Evet... Kazanmak kadar kaybetmek de var...
Ama itiraf edelim ki onlar sadece önemli bir kupayı kazanmakla kalmadılar.
Onlar tüm dünyaya bir mesaj verdiler:
‘‘Biz uygarlığı kendi tekelinde sayanların en azından eşitiyiz. Hatta kendi dalımızda onlardan da ilerideyiz!’’ dediler.
Bunu üstelik, futbol aleminin tanrı katındaki takımlardan Arsenal efsanesini yıkarak ve elinden UEFA kupasını alarak ispat ettiler.
Türk bilim aleminin en parlak isimlerinden Prof.Dr. Celal Şengör, Amerika Birleşik Devletleri Bilim Akademisi'ne üye seçilen ilk Türk bilim adamı olması nedeniyle kendisine ‘‘ne diyeceğini’’ soran gazetecilere geçenlerde unutulmaz bir yanıt vermişti. Kelimeler aynı olmayabilir ama dediği şuydu:
‘‘Ben Büyük Atatürk‘e olan borcumuzun (çağdaş uygarlık düzeyini yakalama borcunun) bana düşen kısmını ödemeye çalışıyorum.’’
Şengör‘ün o sözlerinde biraz da ‘‘Herkes laf etmesin de kendisine düşeni yapsın.
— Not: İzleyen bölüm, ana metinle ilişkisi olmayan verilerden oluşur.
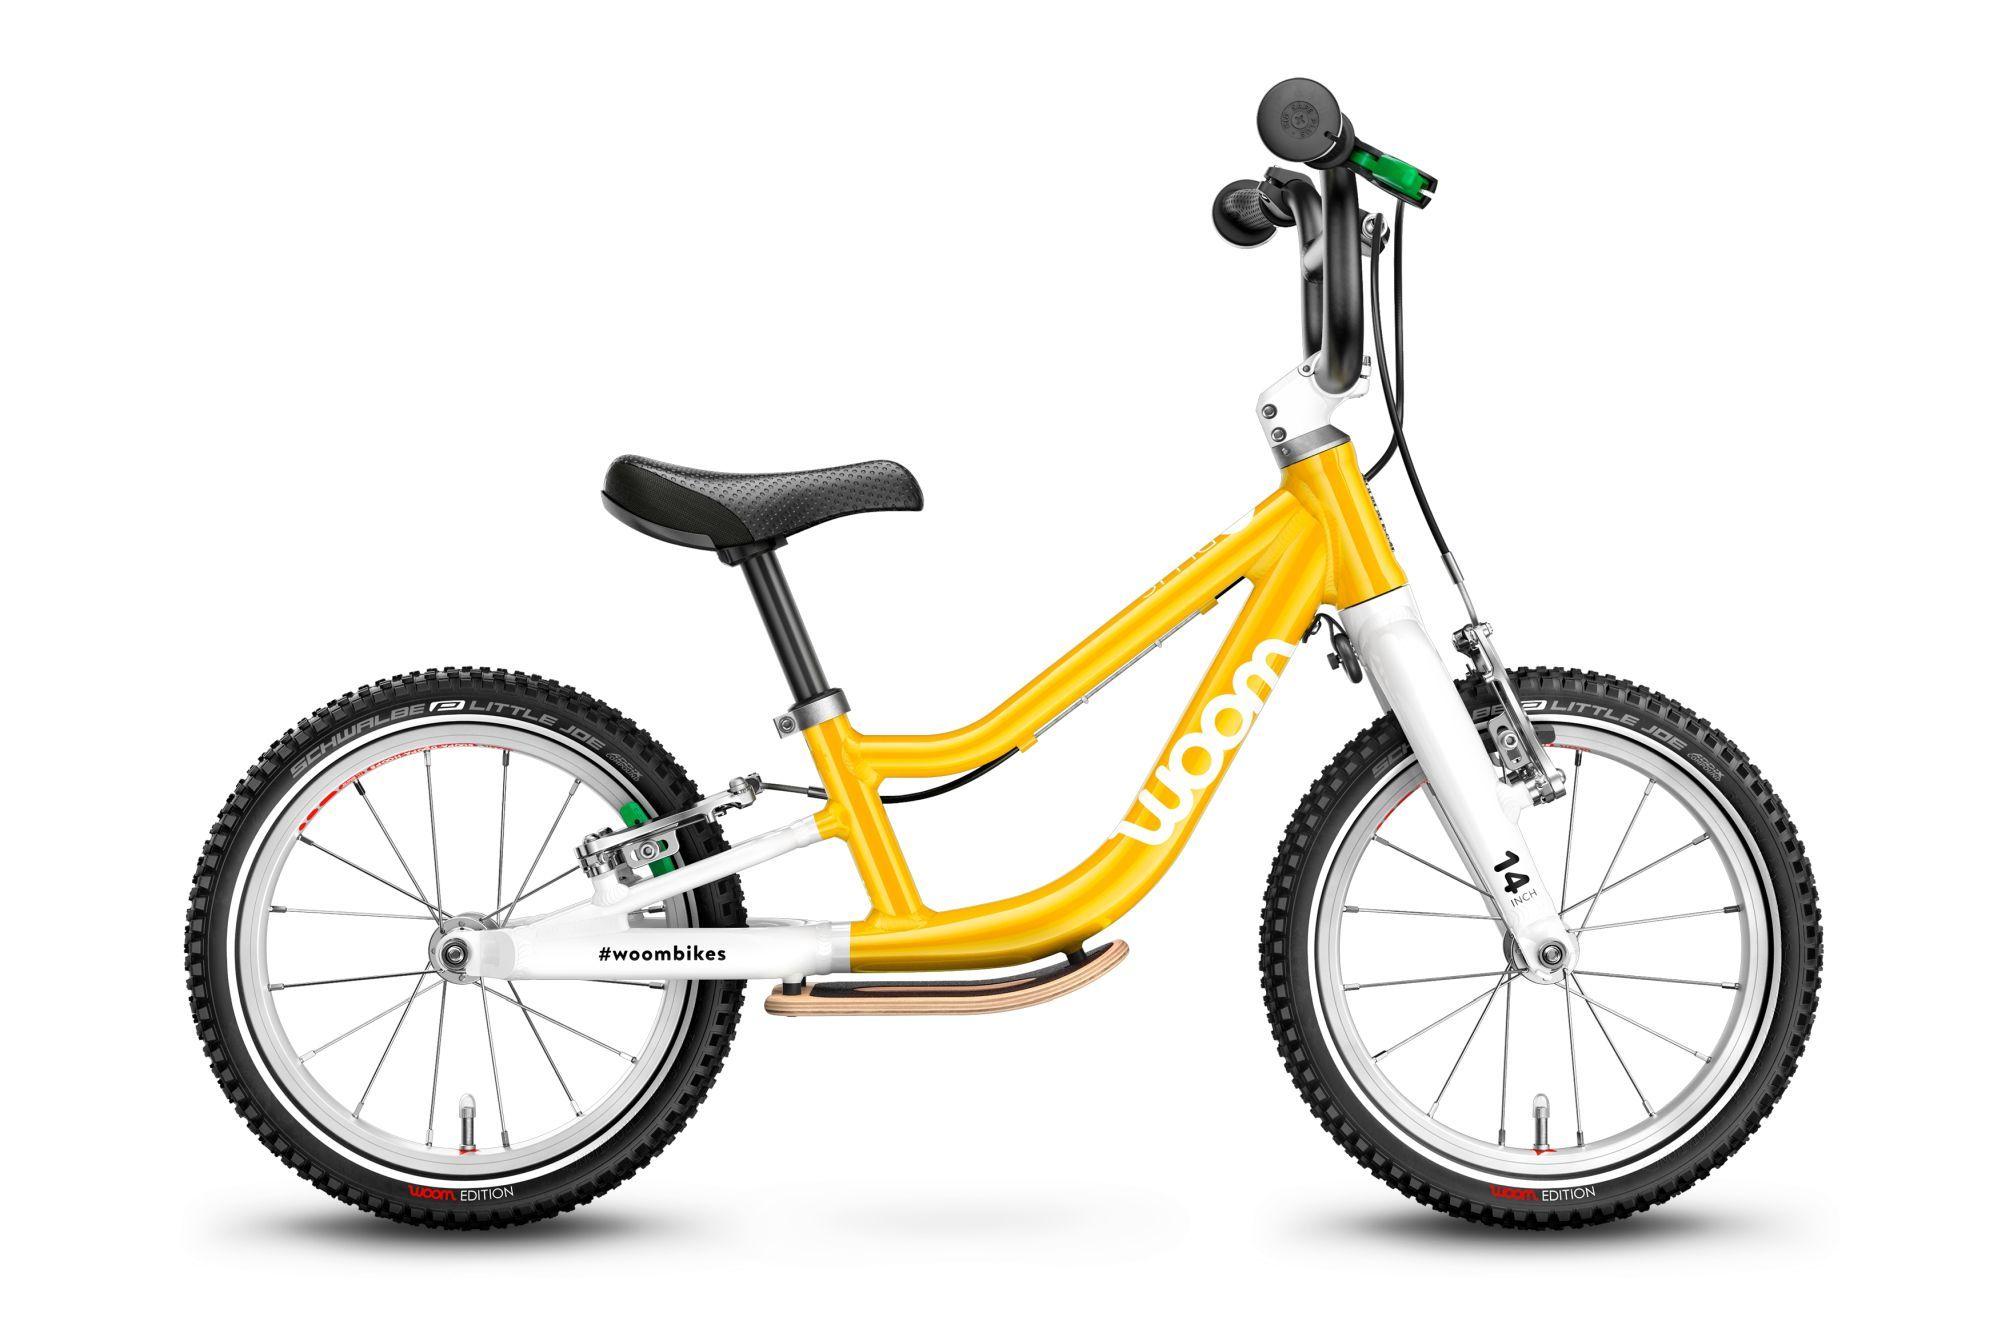 kinderfahrzeuge & laufräder: Diamant  1 PLUS 1 Gang Kinderlaufrad Diamant Modell 2021 14 Zoll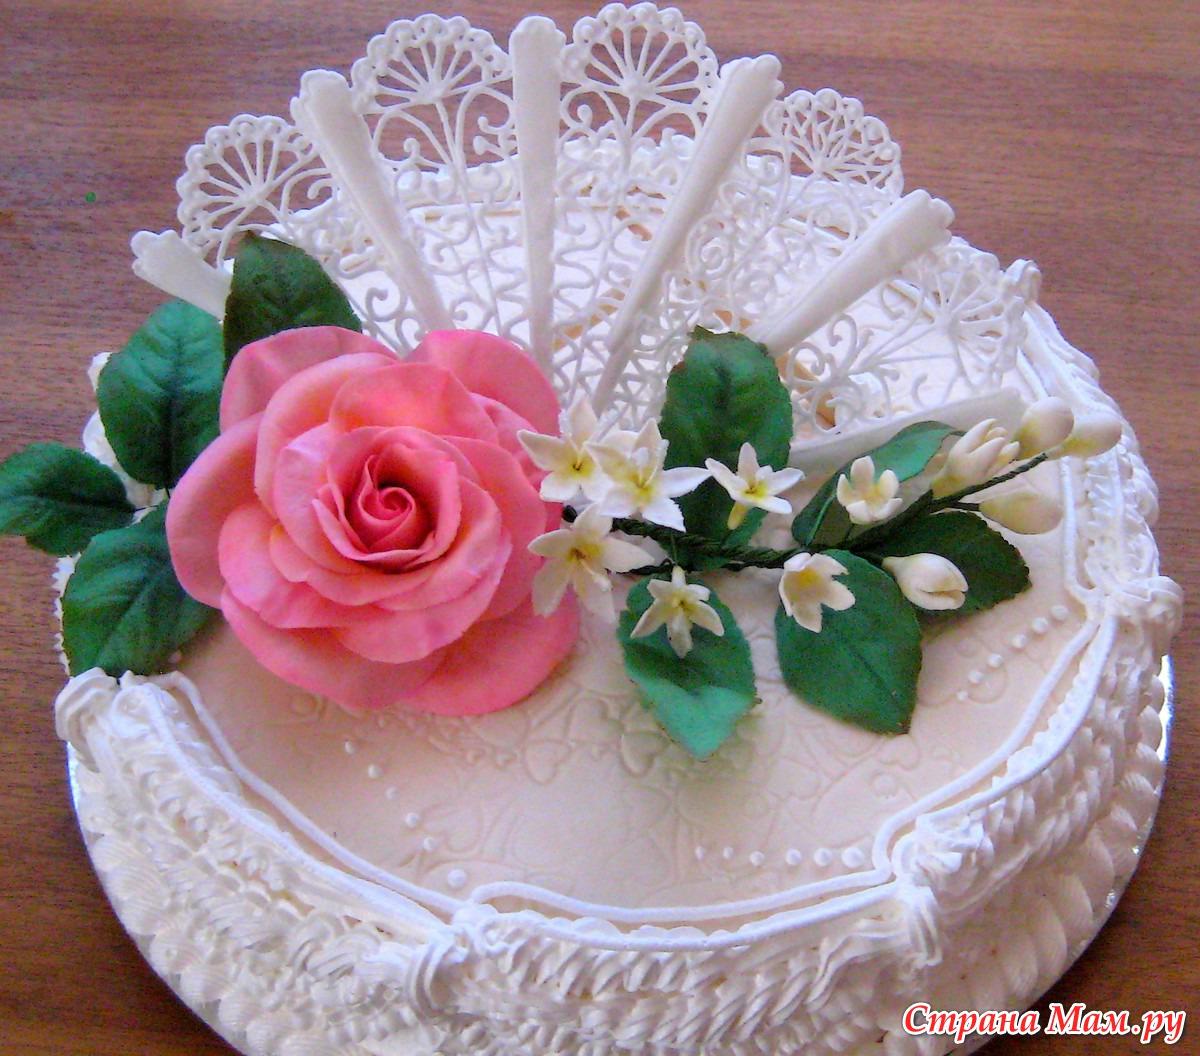 Объемная надпись на торте в домашних условиях

O zaman çağdaş uygarlığı yakalar ve geçeriz’’ mesajı vardı.
Galatasaray futbol kulübü işte bunu yaptı. Çağdaş uygarlık düzeyini yakalama görevinin kendine düşen kısmını tamamladı.
Yoksa Arsenal gibi, futbolu bilen -ve bu satırların yazarı gibi bilmeyen- herkesin efsane takım diye tanıdığı bir rakip karşısında, üstelik son 30 dakikayı en kıymetli oyuncularından biri kırmızı kart görüp oyundan çıkarıldığı için 10 kişiyle oynadığı halde Galatasaray‘ın, yine de beraberliği koruyabilmesini başka türlü açıklamak herhalde mümkün değildir.
Helal olsun Galatasaray‘a!
Helal olsun onları bu başarıya ulaştıran hocaları Fatih Terim‘e!
Ve helal olsun Kopenhag‘daki stadyumu doldurup onları bir saniye bile yalnız bırakmadan coşturan Türkler'e...
Galatasaray orada bir futbol kulübü renkleriyle oynadı. Ama hepimiz biliyoruz ki formalarındaki gerçek renk kırmızı-beyaz idi.
Zaten stadyumu dolduranların önemli bir kısmı da Fenerbahçe, Beşiktaş gibi Galatasaray‘ın ezeli ve ebedi rakibi kulüplerin, dün Galatasaray‘ı milli takım gibi gören ve o yüzden Kopenhag‘a koşan taraftarlarıydı.
Galatasaray‘ı binlerce defa kutlasak azdır...
Göğsümüzün onlar sayesinde ne büyük bir gururla dolduğunu anlatmaya hiçbir kelime, hiçbir cümle, hiçbir üslup yetmez.
Gerçekten çok büyük bir zafer kazandılar. Ama bu zaferin onları sarhoş etmemesini bekliyoruz. Çünkü onlarla sadece bugün değil, kuşaklar boyu iftihar etmek istiyoruz.